Not all research has found a positive effect of vouchers on public schools. An evaluation of Washington, DC’s, public voucher program after one year showed no significant effect on public school achievement.25 The evaluators proposed several reasons: the program had no adverse effects on the traditional public school budgets, which may have reduced the incentive to respond to the competitive voucher threat; a year may have been too little time to reveal effects; and the small number of voucher students may have been insufficient to produce systemwide effects in a large city.
In conclusion, substantial evidence shows that public and private voucher programs, and the threat of publicly funded vouchers, have positive effects on public school achievement levels. Fear that vouchers would siphon away good students and needed funding is not confirmed by the limited experience to date. Competition and choice create benefits beyond those enjoyed by the students who participate directly in voucher programs.
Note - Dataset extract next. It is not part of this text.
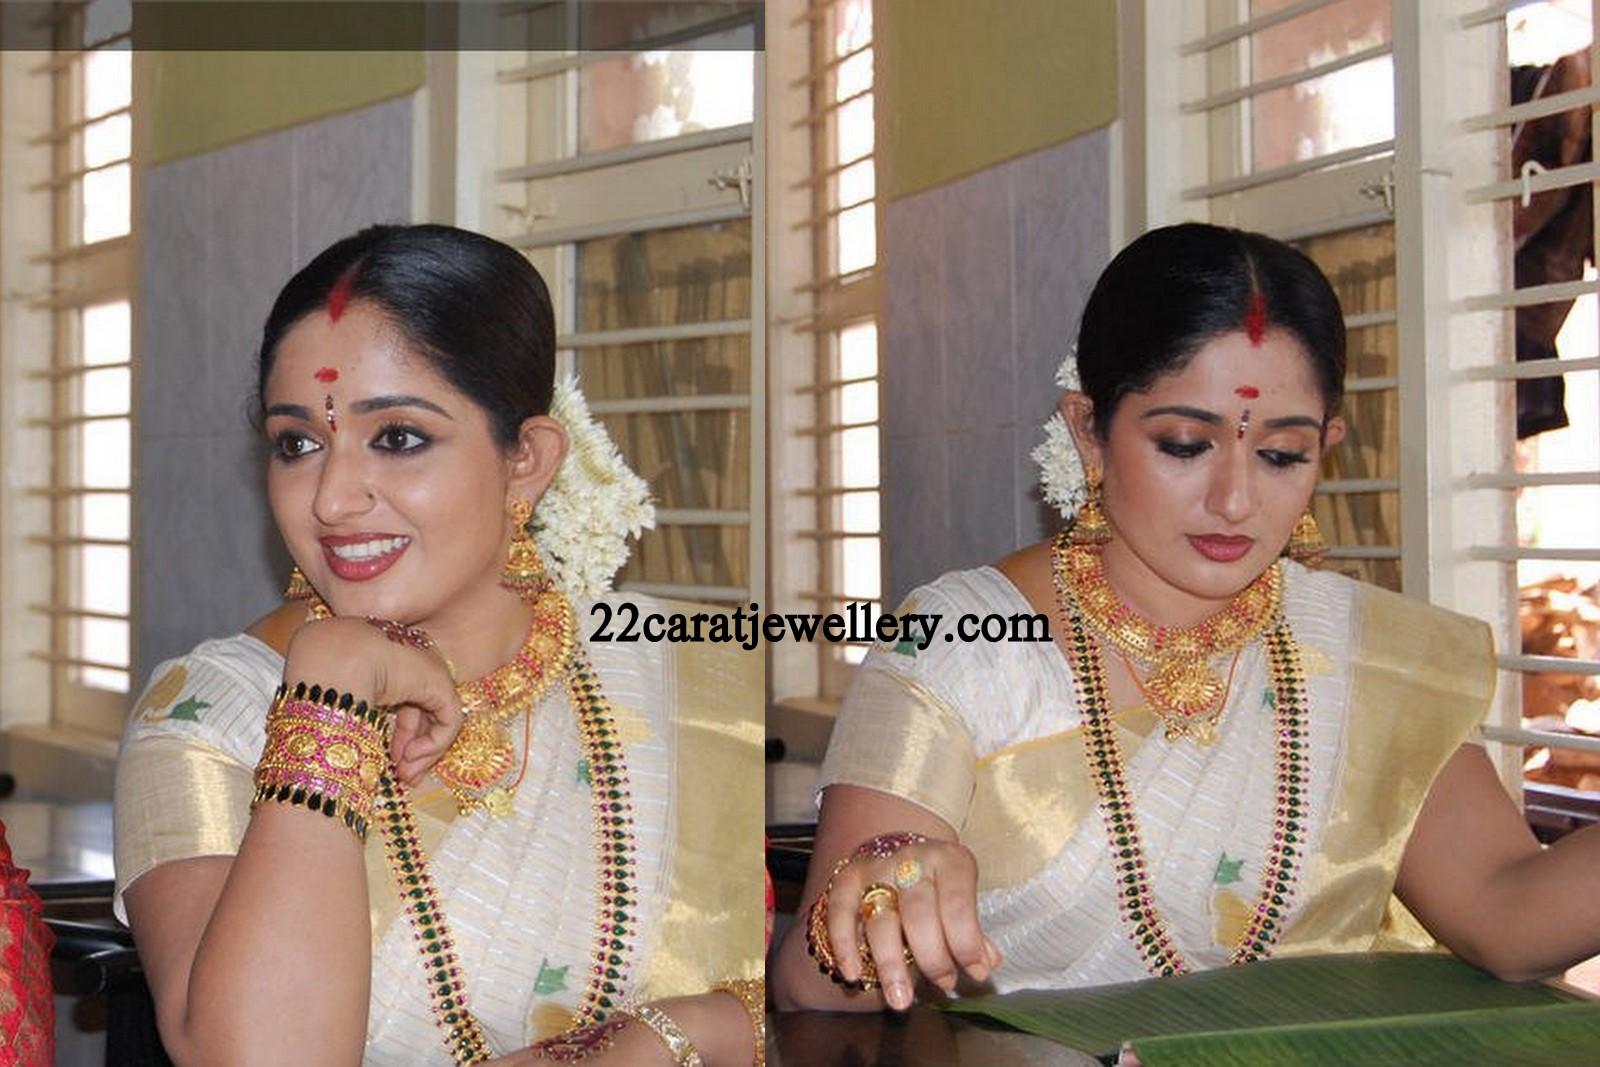 Marriage ornaments - South Indian Actress Kavya Madhavan Spotted With Beautiful 22 Carat Gold Tarditional Mango Mala Studded With Rubys And Emralds Gold Kau Mala Kasula Peru

Effects of Education Vouchers on Special Needs Students
Special needs students are categorized as having one or more physical and mental disabilities such as deafness, mental retardation, specific learning disabilities, or “behavioral disorders” (disruptive and uncontrollable behavior). In any given traditional public school, only one or a few students may be in a given category, so school staff may have difficulty providing the specialized equipment and services best for each category of students. For this reason, some states and districts have provided specialized schools for categories of students such as the blind and the partially sighted. School officials have allocated as much as four times the cost of educating a nondisabled student to special needs students’ education, and some students are transported out of state for special services.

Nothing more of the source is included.